{ Soham Kamani }

About Blog Github Twitter

🌙
☀️

Web Security Basics - An Introduction to the Essential Concepts Behind a Secure Website

This post is going to teach you everything you need to know about keeping your web application secure. The concepts that are highlighted in this post are essential for any web developer looking to make robust and secure websites.

banner

Making a website that is secure is hard, but extremely important. I wrote this post because resources on this subject are scattered and not explained well enough for newcomers to understand.

The concepts highlighted here should help you understand the fundamentals of common issues and attacks that web applications can face on the internet, and how to fix them.

Sessions and Cookies

Irrespective of what type of website you’re making, if authentication is involved, you’ll encounter sessions and cookies.

Every website receives multiple requests from multiple different users. The key problem we’re trying to solve here is: How does the web server know which user is sending each request?

One option is to send information about the user to the browser just as they login. The browser will then store this information, and send it along with every subsequent request so that the server knows where it’s coming from.

The problem with this is that it isn’t secure. Any other browser (perhaps one that the user logged into previously) could also make a request with with this id and compromise the users security.

comic-1

We need something more temporary.

Session Tokens

It is in our best interest to give as little information about the user to the browser as possible. So, instead of returning identifying information about the authenticated user, we instead return a piece of data called the “session token”.

A “session” is a single interval of time in which the user is authenticated.

What makes this secure is that each session comes with a different session token, and the session token by itself gives no indication about the identity of the logged-in user.

Now, each time John makes a request from their browser, they sends their current session token along with the request.

The server stores information about which session token maps to which user. Once the user logs out (or logs in again), or after a specified period of time, a new session token is generated and assigned, while the old token expires.

comic-2

In the above picture “Browser 2” is where John previously logged in from. The token for that session was w344e3 , which has now expired. Once John logs out from “Browser 1”, their current session token (a23ww2) expires as well.

There is no way for any 3rd party to guess which session maps to which user since that information is stored safely on the server and is not made public.

The complication now is: The user always has to mention their session token with every request they make.

This means that anyone developing the client side code has to make sure to attach the session cookie with every request. Fortunately, browsers have an in-built way to attach this information with every request:

Session Cookies

In a nutshell, a cookie is a small piece of data kept with the browser, which (if the request comes from the same domain) is sent with every request automatically.

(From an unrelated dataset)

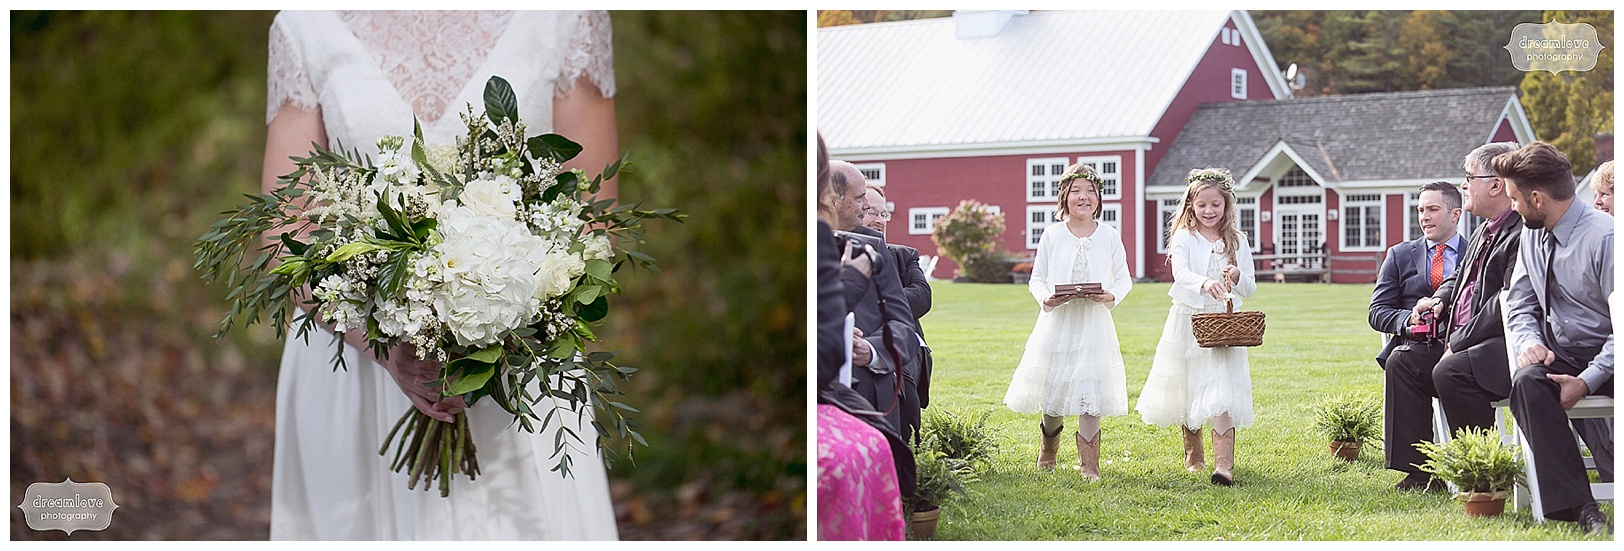 Riverside_Vermont_Wedding_Venue_0106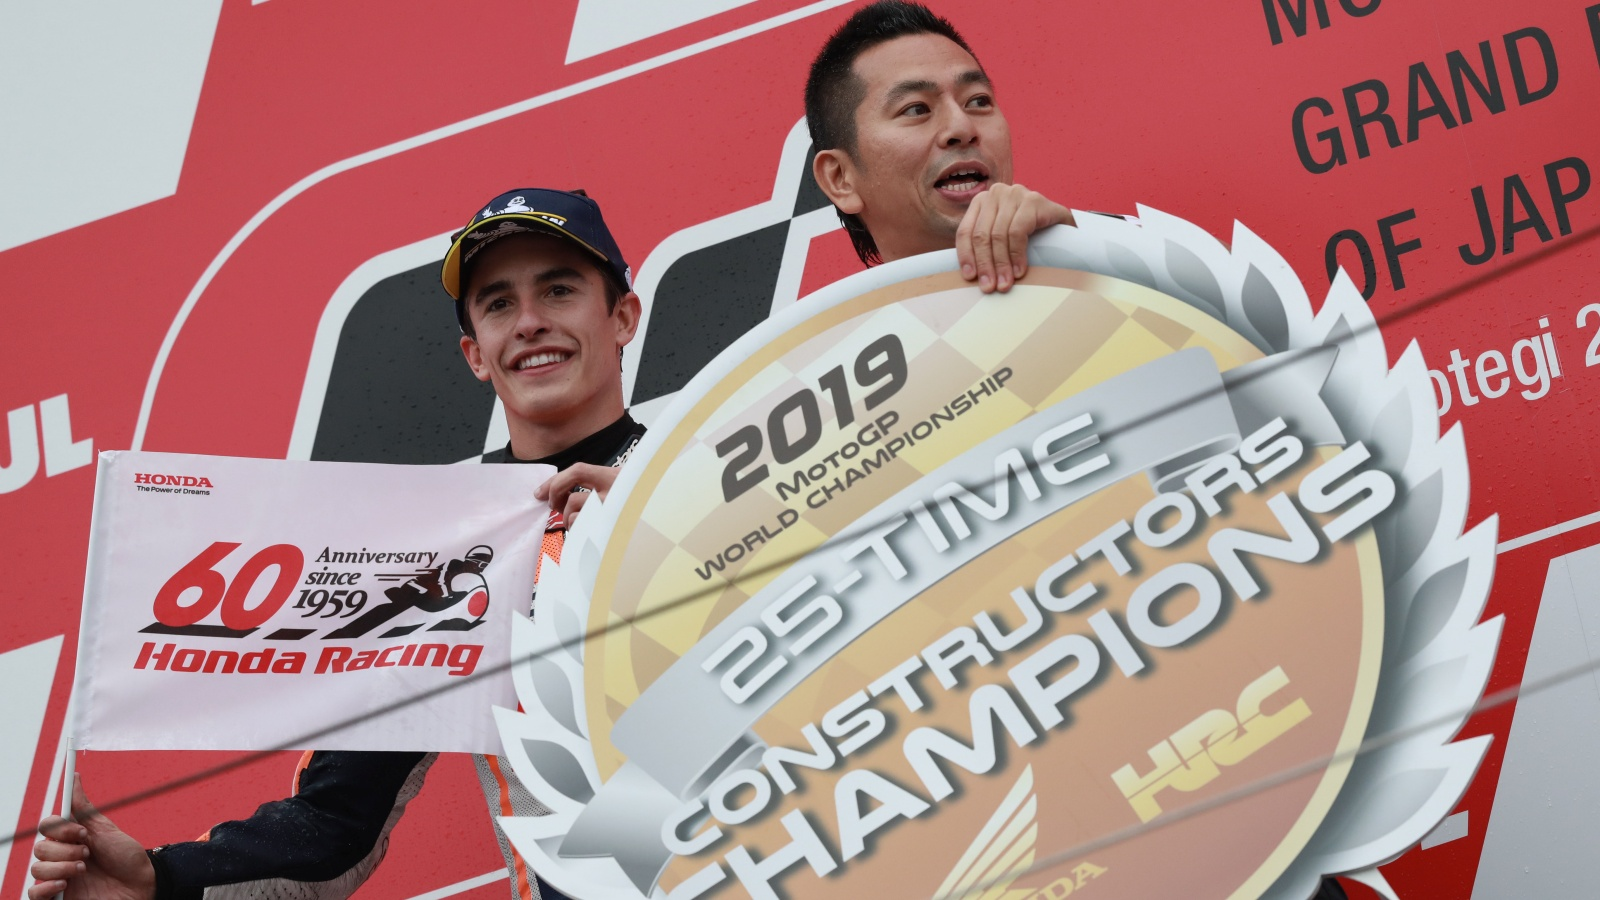 Marc Márquez regala a Honda el título de constructores de MotoGP 2019

In our case, the cookie would be set to the value of session token (since that’s all that the server really needs). The exchange between the browser and the server would be the same as before, except the request from the browser would contain the session token every time.

In addition to their convenience, cookies can also be configured with additional properties, such as:

  1. Expiry time - Cookies can be automatically deleted after a certain time period.
  2. Javascript visibility - You can decide whether a cookie is visible from the javascript code running on the webpage
  3. Cross site visibility - Cookies can be restricted to only be sent to the domain by which they were created.

If you want to see the cookies currently stored for the current website you are visiting (like this one) right click anywhere on the page and click on “inspect” to open the developer tools (if you are on chrome). Next, go to the application tab and click on the cookies section under that.

cookie tab

Password Storage

Storing your users passwords is a huge responsibility. If you don’t do this correctly, you can compromise your entire application.

Let’s go through some methods used to store passwords, and come up with an acceptable solution for storing passwords in production.

Plain Text Storage

The first question many newcomers ask is: “Why can’t I just store the password like any other data?”

To answer this question, consider a database table containing username and password columns, with passwords stored like this :

usernamepassword
johnmyawesomepassword

The problem : This is very insecure. Something as simple as a system administrator keeping their laptop open by mistake could lead to your users passwords being compromised.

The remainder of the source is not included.